【3月3日 AFP】欧州12か国で分散開催され、4日に開幕まで100日を迎えるサッカー欧州選手権(UEFA Euro 2020)の準備は順調に進んでいるが、新型コロナウイルスの大流行によって大会は深刻な影響を受けることになるかもしれない。

 出場国が24チームになって迎える2度目の欧州選手権を、アゼルバイジャン・バクーからアイルランド・ダブリン、英スコットランド・グラスゴー、イタリア・ローマに至るまでの12都市で開催するという決定は、間違いなく前途有望な動きだった。

 欧州サッカー連盟(UEFA)は、開催地や輸送網は準備がすべて整っており、チケットの需要は非常に高く、はっきりとした安全面の懸念はないとしている。しかし、最終的にどうなるかが不透明で、大会全体に影を落とす可能性がある新型コロナウイルスの流行は例外だ。

 イタリアでは2日時点で2000人以上が感染し、52人の死者が出るなど欧州で最も深刻な被害が出ており、週末に予定されていたセリエAの多くの試合が延期された。また、24人の感染者が確認されている隣国のスイスは同日、1部と2部の全試合を3月末まで延期すると発表した。

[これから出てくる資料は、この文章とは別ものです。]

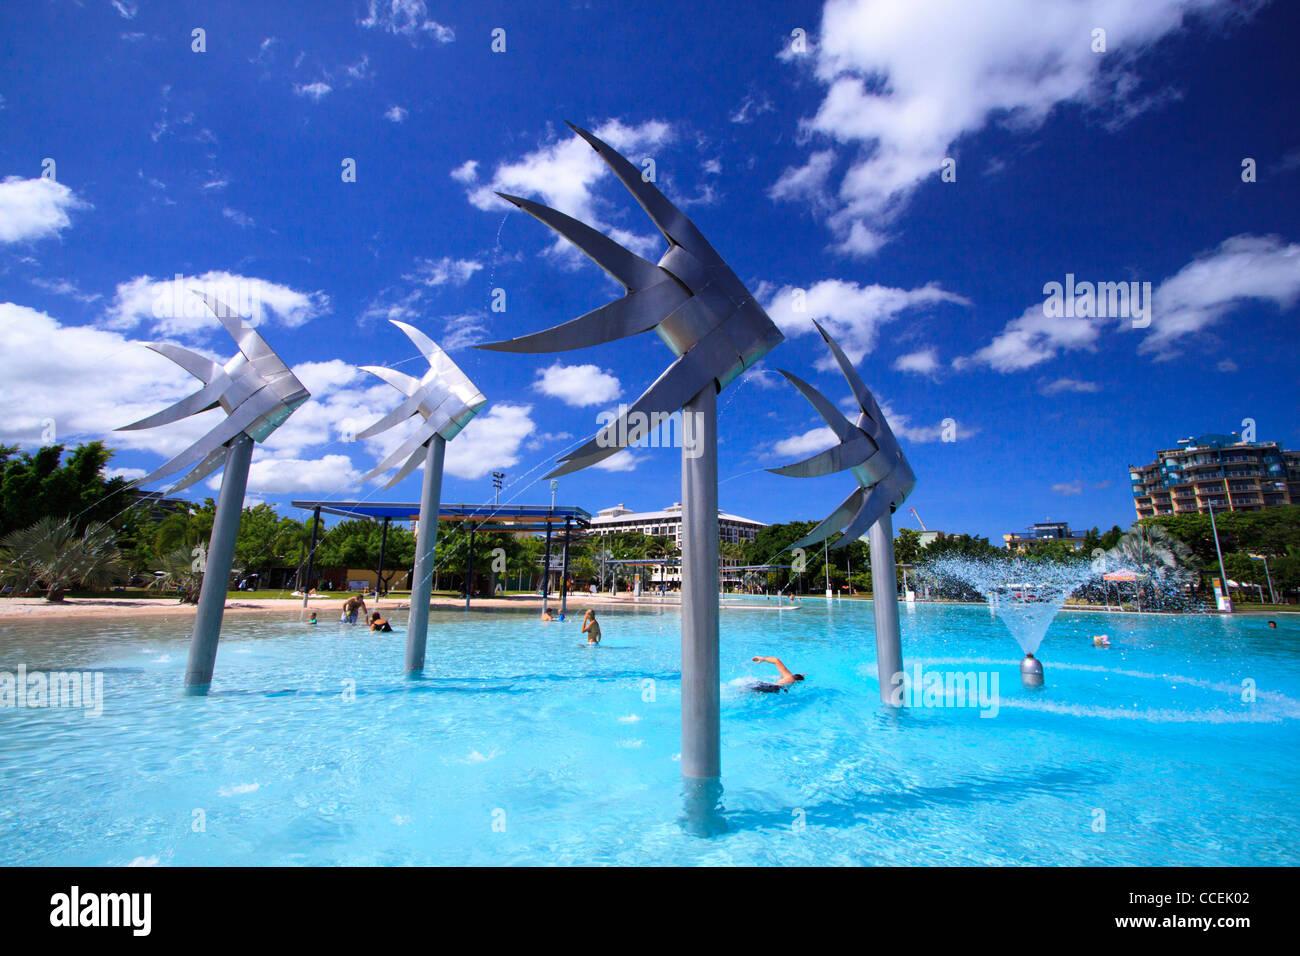 Las gigantescas estatuas de pescado son una característica conocida de Cairns Esplanade Lagoon. Far North Queensland, Imagen De Stock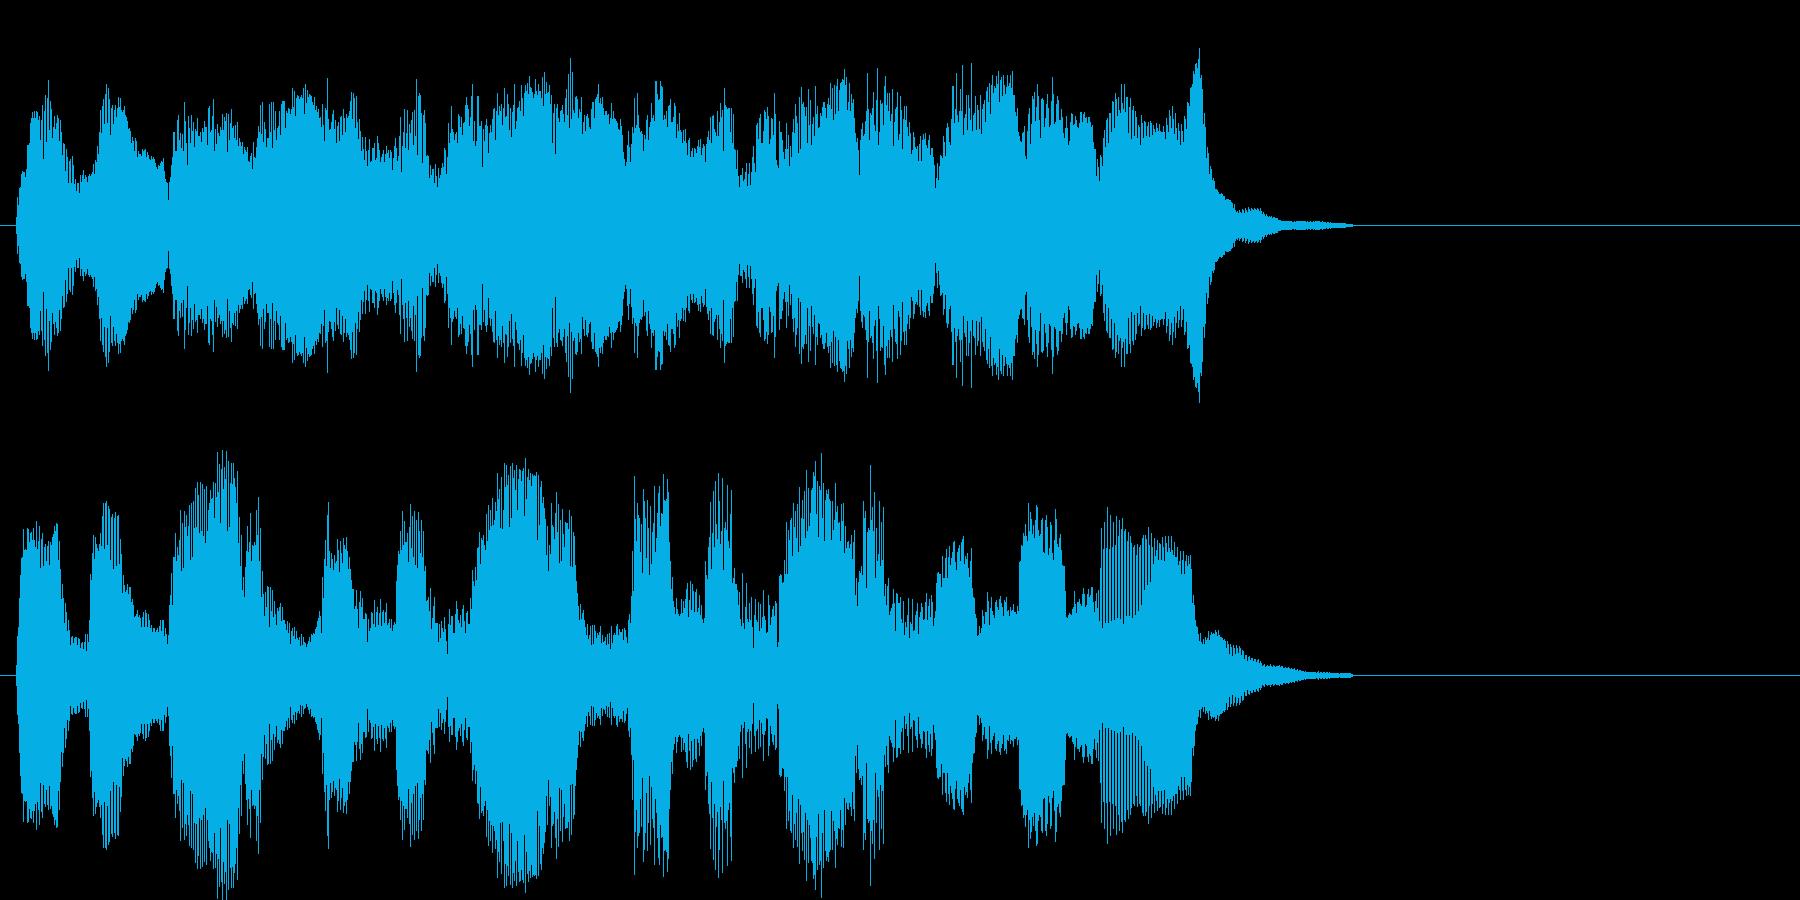 牧歌的で落ち着くパイプオルガン曲の再生済みの波形

 国際サッカー連盟(FIFA)のジャンニ・インファンティーノ(Gianni Infantino)会長は前週末、「どんなサッカーの試合よりも、人の健康の方がはるかに重要だ」と語っている。

 ウェールズサッカー協会(FAW)のジョナサン・フォード(Jonathan Ford)最高経営責任者(CEO)は、英PA通信(Press Association)に「誰もがこの件(新型コロナウイルスの感染拡大)の収束を願っていると思う。もちろんわれわれは助言に従うつもりだ。だが人の健康が第一で、サッカーは二の次でなければならない」と話している。

 オランダ・アムステルダムで2日に行われたUEFAの執行委員会でも新型コロナウイルスの危機が議題となったが、連盟は欧州選手権に関して考えられる影響について平静を保っている。

 フォードCEOはAFPに「UEFAは関係する国際・地元当局と、コロナウイルスについて連絡を取っている」と語り、「現時点で、予定されている日程に関して変更する必要は一切ない。継続的にこの問題を注視していく」と続けた。

 イタリア対トルコの開幕戦は6月12日にローマで行われ、ウェールズも両チームと同じグループAに入っている。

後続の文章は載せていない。